The crowds of airplanes present their own hazard, but the more significant problem is the mix of the traffic. In Los Angeles County, there are 38,000 licensed small-plane pilots--more than in all of Europe--and 10,000 registered general-aviation airplanes. Their takeoffs and landings account for perhaps 25% of the Basin’s air traffic.

Theoretically, the first line of defense against the crowds is the FAA’s dividing the skies into airspace parcels, all with different rules and regulations. The object is to sort out the mix and to separate planes from one another.

At their simplest, airspace divisions create high-altitude superhighways, with planes going one direction required to be within certain altitudes and planes in another direction required to be in another section of air. But around airports, things are more complicated.

The granddaddy of regulated airspaces, Terminal Control Areas, surround the nation’s busiest airports. TCAs are under the strictest control: Anyone flying within their bounds must have permission to enter from an air traffic controller and must stay in constant contact with the controller.
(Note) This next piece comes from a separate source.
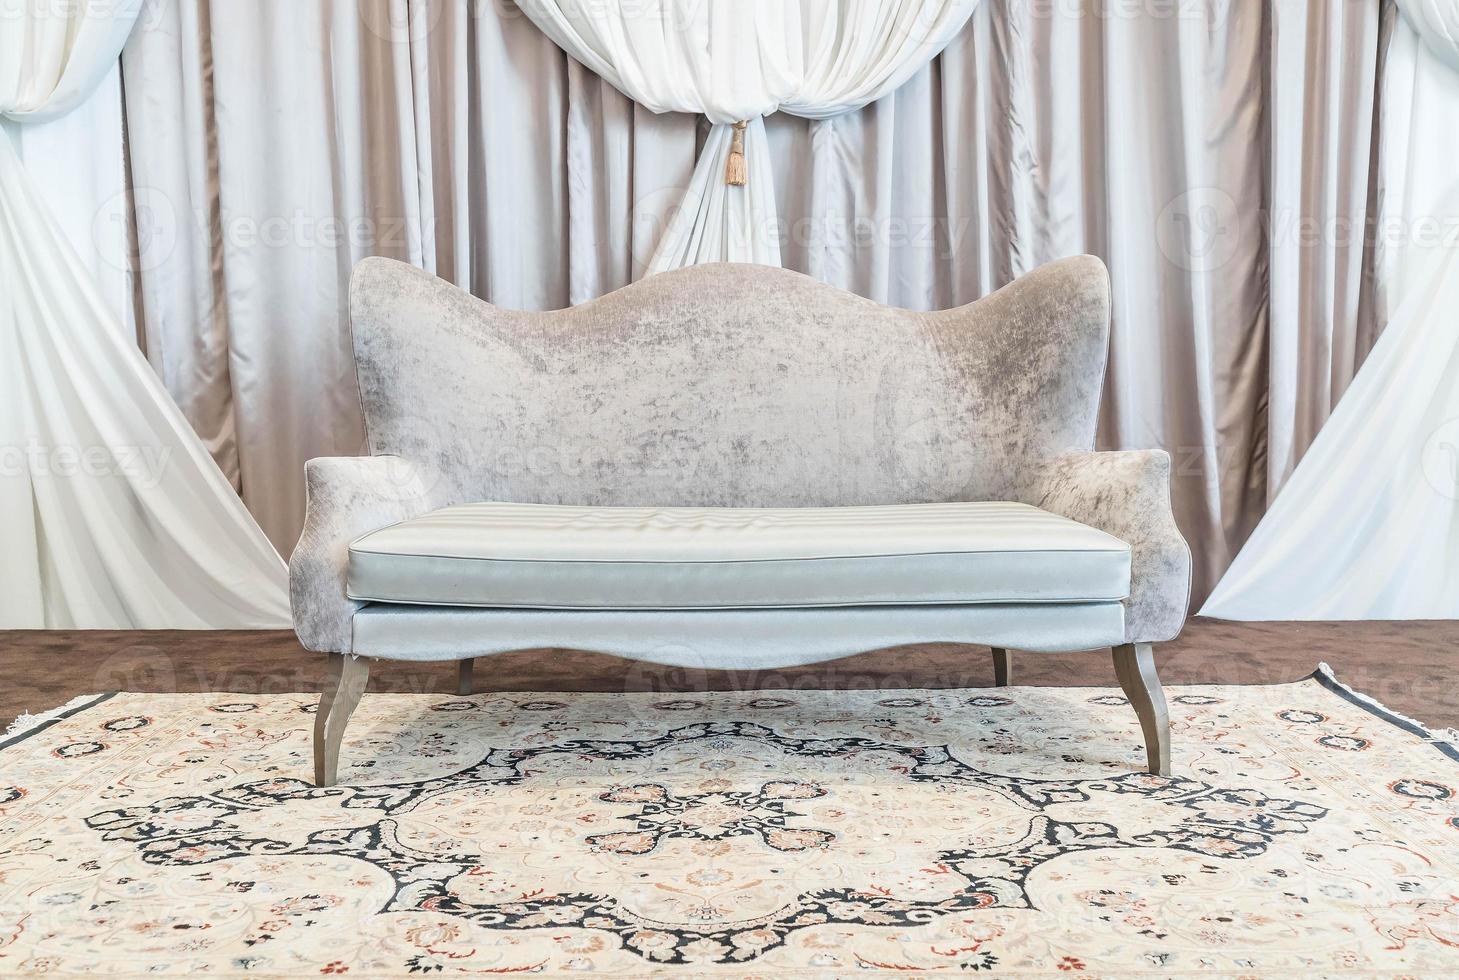 Empty beautiful and luxury sofa photo

A TCA shows up on a navigational chart as concentric circles; if its boundaries could be drawn in the air in three dimensions, it would look like an inverted wedding cake atop the airport runways.

At most of the nation’s major airports, TCA boundaries are regular and recognizable on charts and in the sky. Pilots can avoid the airspaces or easily abide by their rules. But in the L.A. Basin, chockablock with smaller airports and their corresponding controlled airspaces, the charts show a jumble of overlaps and cutouts, awkward juxtapositions and abutments.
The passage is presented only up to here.